The Absolute Cosmos: Large Magellanic Cloud encounter violently disturbed Milky Way
The Large Magellanic Cloud- a satellite galaxy of the Milky Way can be seen as a faint cloud in the night skies of southern hemisphere. A 16th century Portuguese explorer Ferdinand Magellan spotted the galaxy first in 1519- hence the galaxy now bears his name.
It is thought that the Large Magellanic Cloud crossed our galaxy’s boundary about seven hundred million years ago, which according to scientists, is a recent event in cosmological terms.
The gravitational force of The Large Magellanic Cloud (LMC) is pulling, twisting and deforming the spiral shaped disk of stars and planets in our home galaxy Milky Way.
Because of LMC’s large dark matter content it hugely unsettled the Milky Way’s motion and fabric as it fell in and its effects are still being observed today.
In the past, scientists have established that LMC, more like our galaxy Milky Way, is enveloped in a halo of dark matter.
Dark matter doesn’t absorb, emit or reflect light, thus making it highly difficult to detect. Scientists can only infer its existence from the gravitational effects it seems to have on visible matter.

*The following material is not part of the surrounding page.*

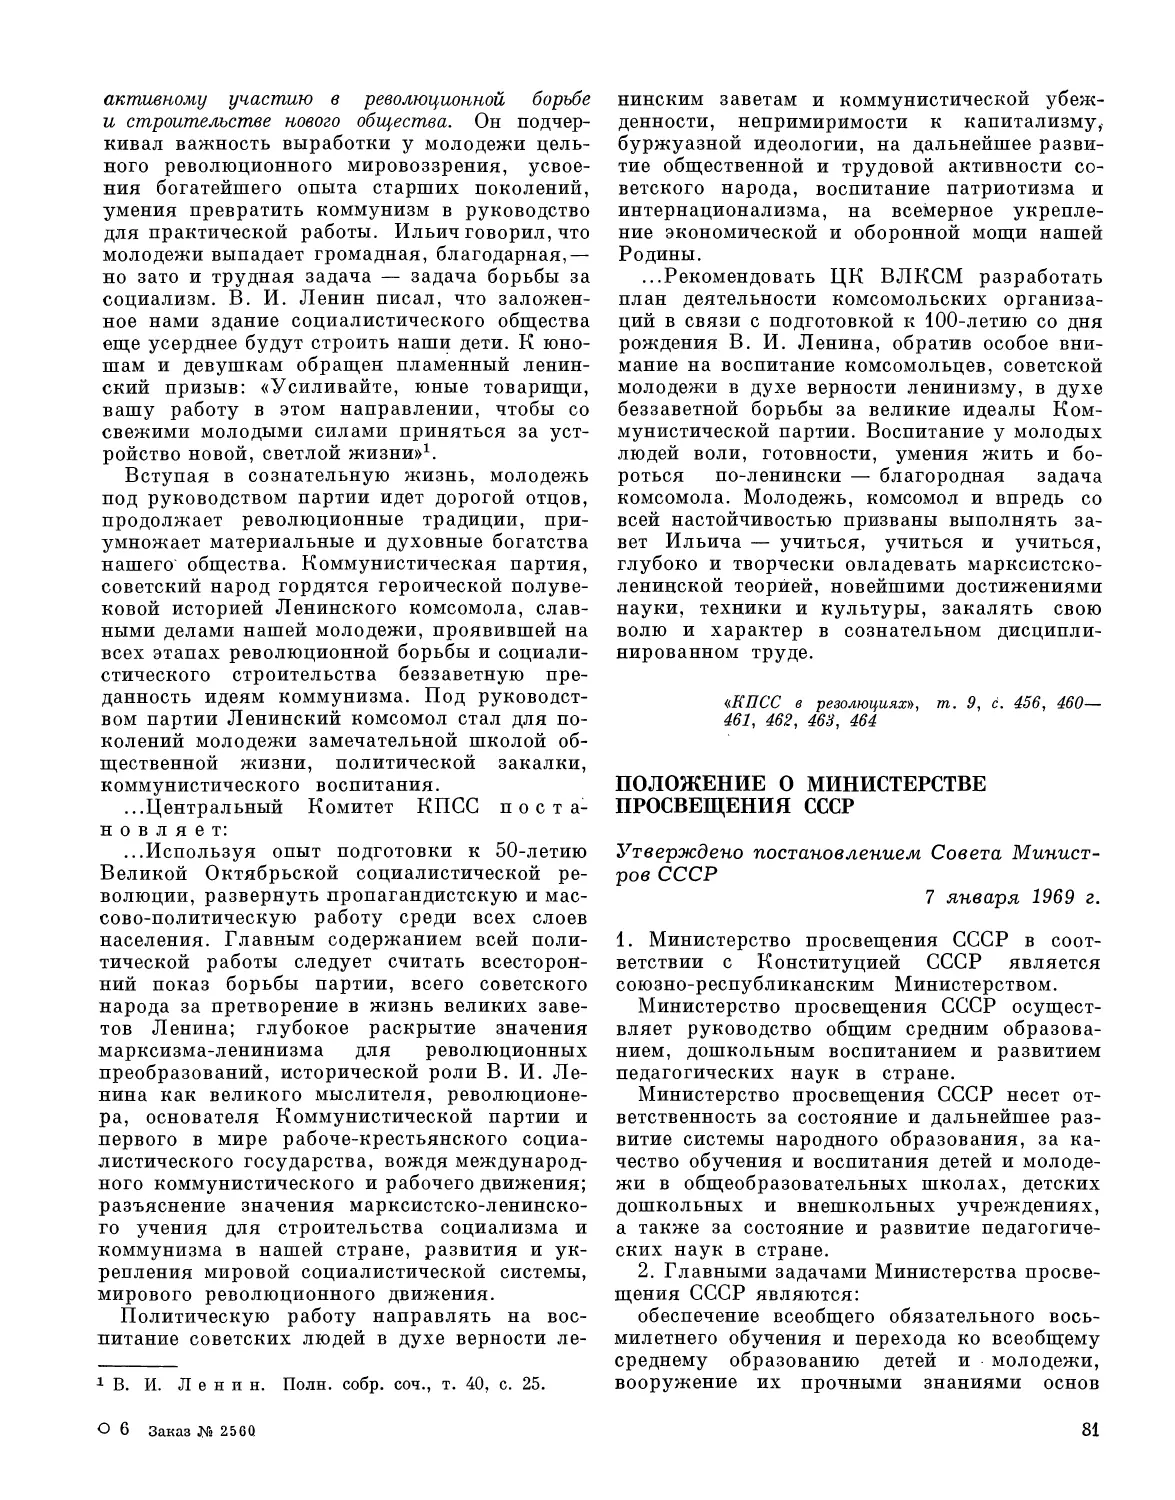 Положение о Министерстве просвещения СССР. Утверждено постановлением Совета Министров СССР 7 января 1969 г

A team of scientists from the University of Edinburgh, used a statistical model to measure the speed of Milky Way’s most distant stars.
They found that towards the Pegasus constellation, gigantic attraction from the Magellanic Cloud’s dark matter halo is twisting and pulling the Milky Way disk at thirty two kilometres per second.
The study also shunned the previously thought idea that Milky Way was moving towards the current location of LMC, instead it was revealed that Milky Way is moving towards a point on its past trajectory.
The team believes that this is due the fact that LMC, because of its massive gravitational force, is moving away from the Milky Way at even faster rate of 370 kilometres per second.
Scientists now plan to work out the direction from which the LMC first fell in to our galaxy and exactly when it happened. This will further help in measuring the distribution and amount of dark matter in the LMC and Milky Way galaxy.
As per team, the stars at extremely large distances (up to 300,000 light years), bears the memory of Milky Way fabric before the LMC fell in and created a backdrop against which scientists measured the stellar disk moving through space pulled by LMC’s gravitational force.